I guess what I'm trying to say is hang in there! You've done it before, and did a great job at it, and I have confidence you can do it again!! Just remember, it's a great start to their life, and it's such a short phase where they need you in only a way that you can provide. That in and of itself is a beautiful thing! :)

leeuhhh
07-27-2011, 08:39 AM
Thanks guys. I know in the end I will end up bfing. I know there are too many benefits for me to get away with not doing it. I just hate that I'm finding myself so bummed about it. My boobs go up to a g cup- blegh. They've always gone back to normal size after pg and bfing, so I need to just keep telling myself that its temporary. There were times I loved bfing too, I think I'm just remembering the unpleasant older toddler phase that really bugged me. Lol.

solarbabies
07-27-2011, 09:04 AM
I honestly didn't mind bfing dd. She was 11.5 months old when she called it quits. I soon realized I was preggo with this one. So I think the milk changed or something. I am looking forward to nursing the next, but I want a break too. As soon as I stopped making milk, colostrum came in. So I have been producing something since I was 15 weeks preggo with dd until now. But I will bf this baby. I know the benefits of the milk are so good. I like the closeness. I like the idea of not buying formula and making bottles at 2am.

abbi_n_nadia
07-27-2011, 10:01 AM
Aww I love nursing my babies. :wub: it's such a beautiful and natural thing. It has it's negatives but the good outweighs the bad usually. It does seem to take its toll on our bodies but there are benefits there also like reduced risk of breast cancer. I think the study where it was shown that breastmilk kills cancer cells is just SO amazing! So powerful to think that we might have the ability to produce a cure for cancer right inside us and we have the option to give that amazing immunity to our babies! I don't know if it's ever been done before or not but I would love to see a study done on whether people who were breastfed have a reduced risk of cancer overall or not. Would be interesting!

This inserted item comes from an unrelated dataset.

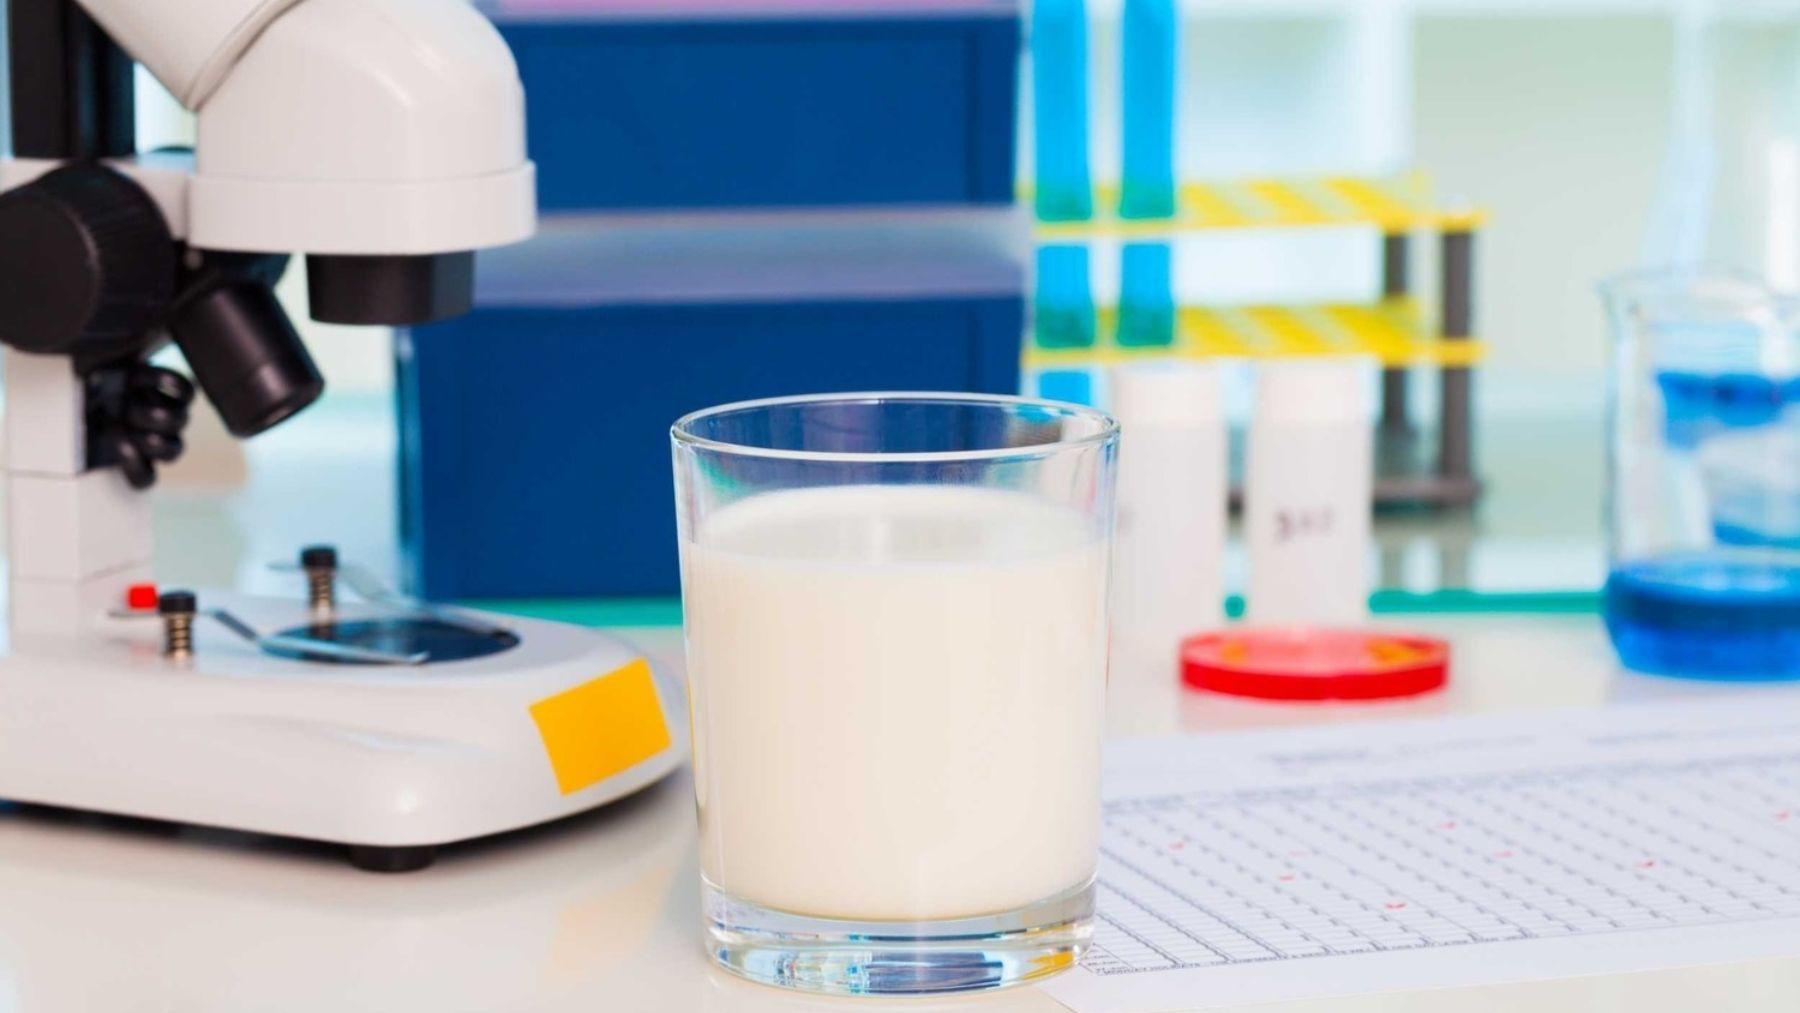 Descubre cómo es la nueva leche elaborada en un laboratorio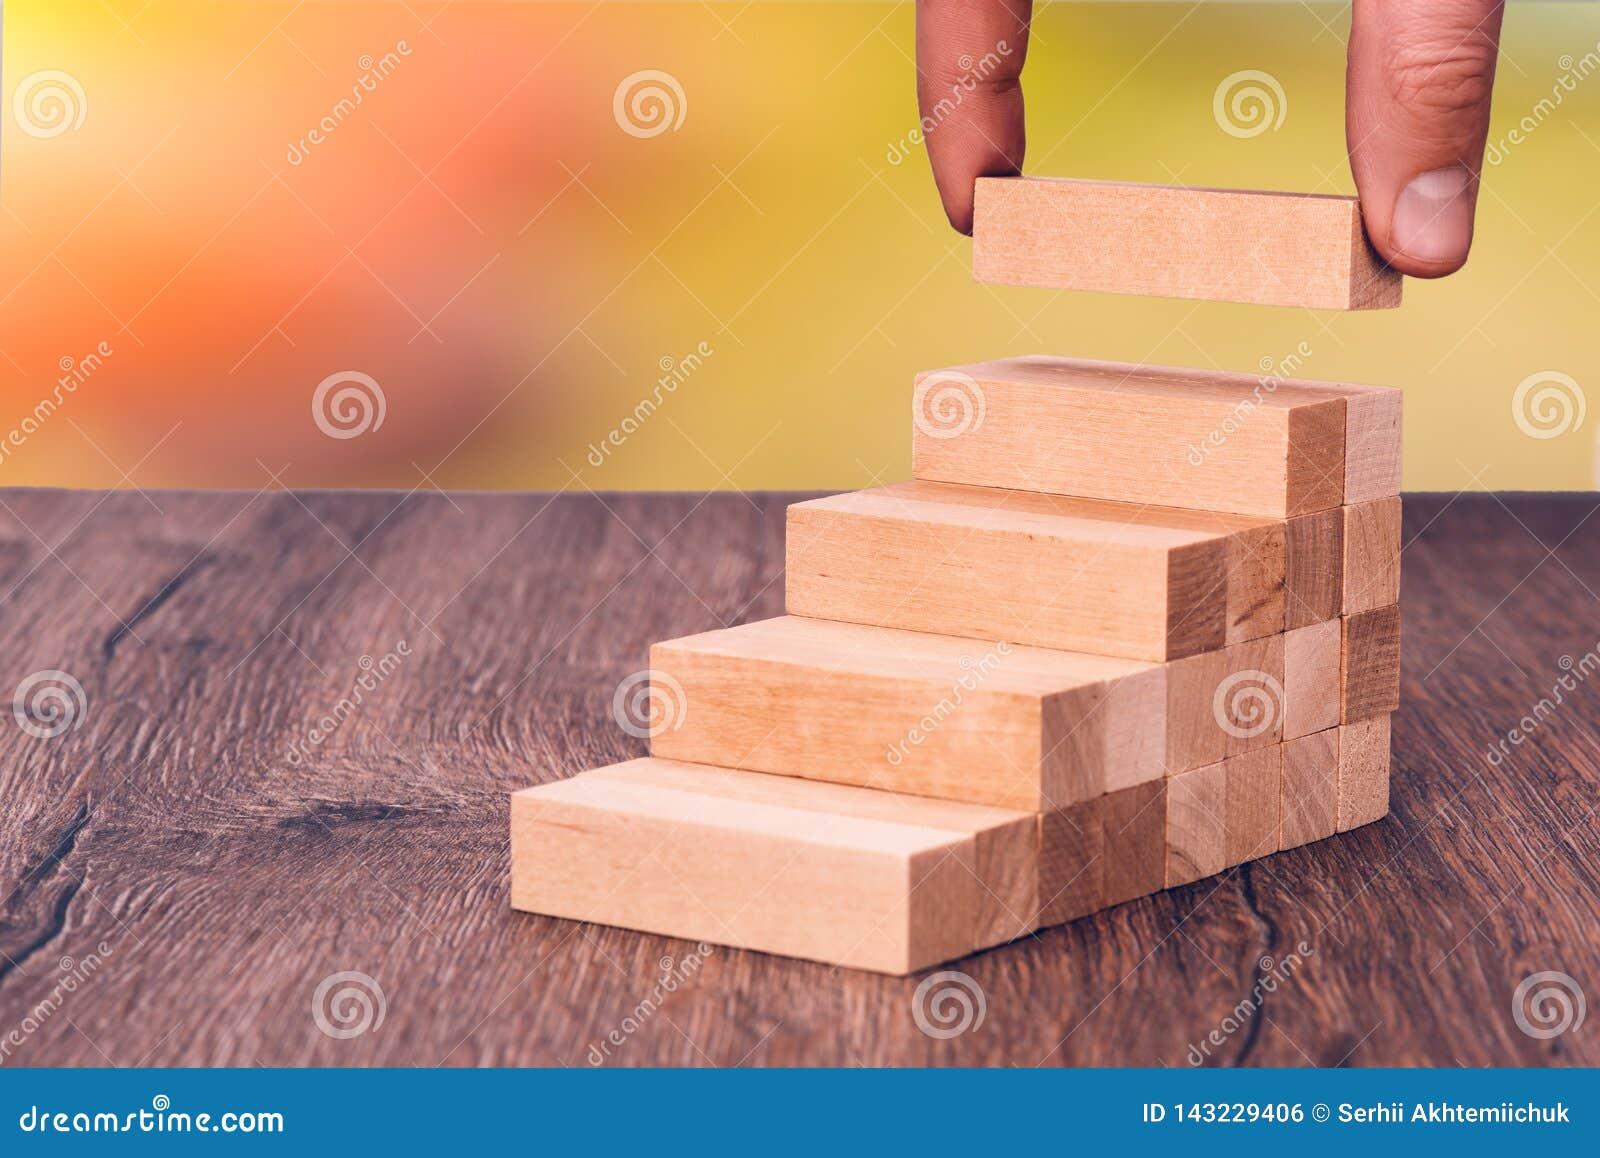 Mannen bygger en trästege Begrepp: stabil utveckling

Sent from my iPhone using DS Forum

mrspnut82
07-27-2011, 02:05 PM
I know how you feel, well except for the huge boob thing. I was nursing/pregnant for like 5.5 years straight. I weaned ds at 22 months. I finally had my body to myself for a few months when we decided to have another one. I definitely plan on nursing again this time for at least a year just not sure I want to do 2 years again though.
DS really drained me. He is a total mama's boy and was a difficult baby. I could not lay him down to sleep anywhere EVER. He would have to sleep being held day or night. Constantly nursed. So frustrating, I felt like a machine sometimes on autopilot. I finally moved him to his own crib at 11 months and loved the break. Continue to nurse him but loved when I finally decided to wean him. I felt like me again.
I love breastfeeding but if this baby is anything like ds was, I'm going to have to do some things different. Maybe night wean after a year? Idk but I won't go through that again lol.

momof3boys1girl
07-27-2011, 04:50 PM
lol i am the same way. I dont dislike it though i just dislike my boobs get huge and i cant loose weight :blush: Also newbies nurse 24/7 its all i feel like i do. But its all worth it in the end so hang in there mama.

Sweet_Fantasy_Fox
07-27-2011, 09:13 PM
I also ebf and will bf this baby too as long as everything goes as planned, otherwise I might end up on formula, the cost of it though scares me.